Now the only thing she’ll be late for is her next birthday.
Credit: Tubi TV

The man is a dead ringer for Cropsy from The Burning, but his claw makes me think he was mainly inspired by Freddy Krueger. I’m also getting Toxic Avenger vibes.

The instructor is losing her cool. Her input consists of “smile” and “get into it” and her students aren’t listening. She gets so frustrated she loses the ability to form simple sentences and storms off in search of the latecomer.

The man with the claw rips a hole in her throat. The instructor runs up a flight of stairs to a balcony overlooking the stage. She opens her mouth, but no sound comes out — strange, by this point her wound has miraculously closed up. She’s not even bleeding anymore. The crew member in charge of the music who she motioned to earlier is nowhere to be found. The killer materializes beside her and punches a hole in her stomach, just like he did to the latecomer, just like Jason does to Horace in Friday the 13th Part VI. The dancers are too busy “smiling” and “getting into it” to notice their instructor being murdered before their very eyes, in full view of the stage, until her lifeless body flips over the railing and crashes to the floor below. But by then the killer is gone.

Credit: Tubi TV

Check out how flimsy his glove is. Note how the fingers bend. There’s no way this guy would actually be able to punch all these holes through people’s stomachs.

Franco Gaudenzi presents

Credit: Tubi TV

Focus shifts to a young girl’s bedroom that looks more like an old lady’s bedroom. That girl’s name is Clarissa. Her mother Melanie (Tara Buckman, Silent Night, Deadly Night) brushes her hair by a window. Melanie’s friend Sherman (Richard Foster) comes to pick up Clarissa. Sherman hands her a present that he wants her to open on Christmas. The two walk down the street to a funky piece of instrumentation that sounds better suited for a Death Wish sequel. They finally arrive at their destination. Sherman’s wife Annie drives off with Clarissa.

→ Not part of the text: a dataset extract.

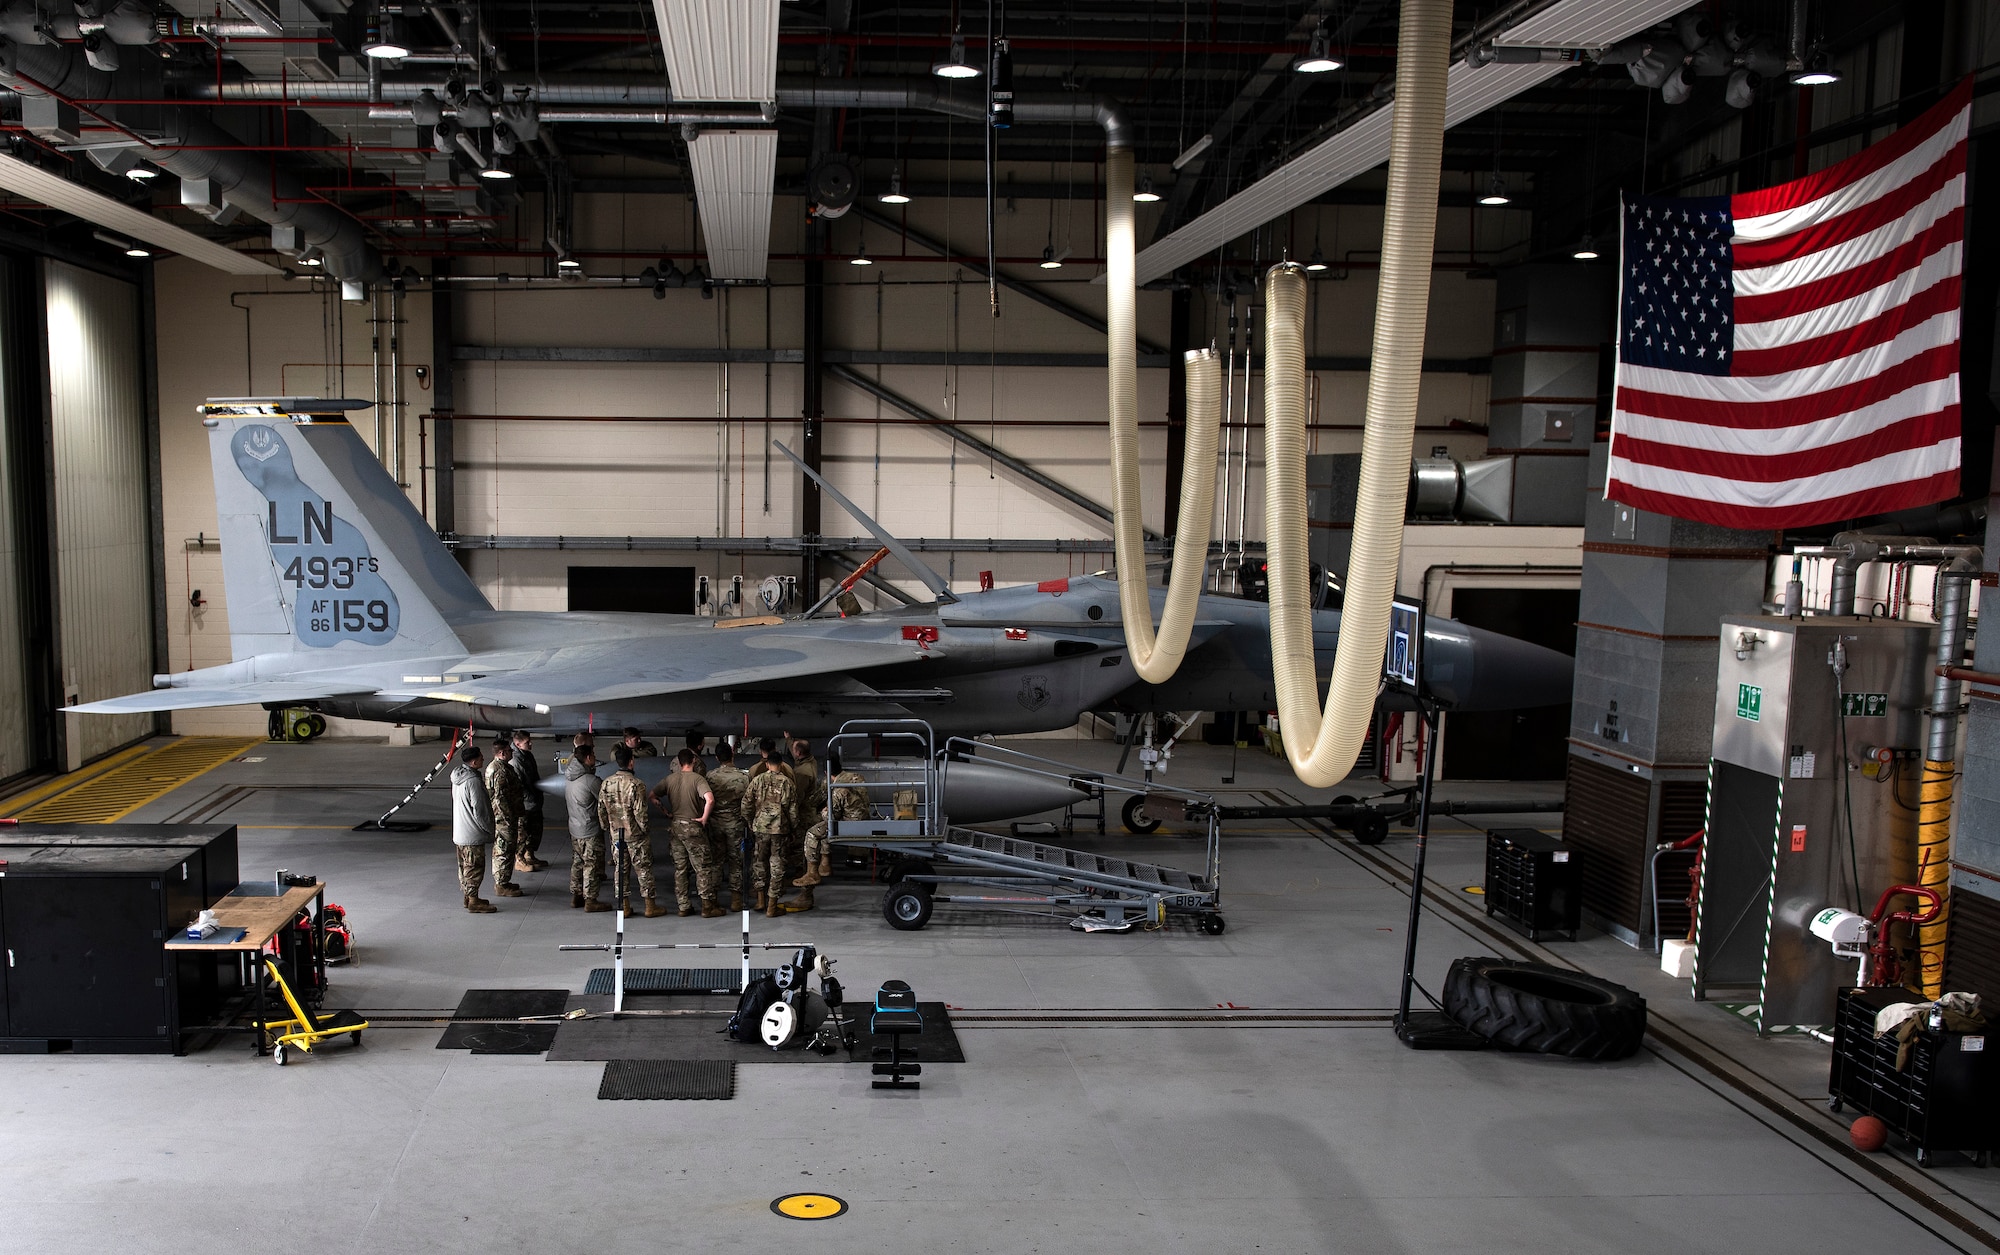 U.S. Air Force Airmen, assigned to the 48th Component Maintenance Squadron fuels systems maintenance shop, attend an Agile Combat Employment training at Royal Air Force Lakenheath, England, Aug. 31, 2020. The training was designed to enhance ACE capabilities by teaching Airmen to perform multiple roles outside the scope of their regular daily duties. (U.S. Air Force photo by Airman 1st Class Jessi Monte)

Melanie sits down with a sandwich and turns on her TV. It’s news coverage of the double homicide. The reporter refers to the killer as “The Hooded Psychopath”, even though he never once wears a hood, and claims he’s now linked to four murders. She says he repeatedly rapes his victims before killing them, which isn’t true either, at least not of what we just saw. Melanie turns off her TV.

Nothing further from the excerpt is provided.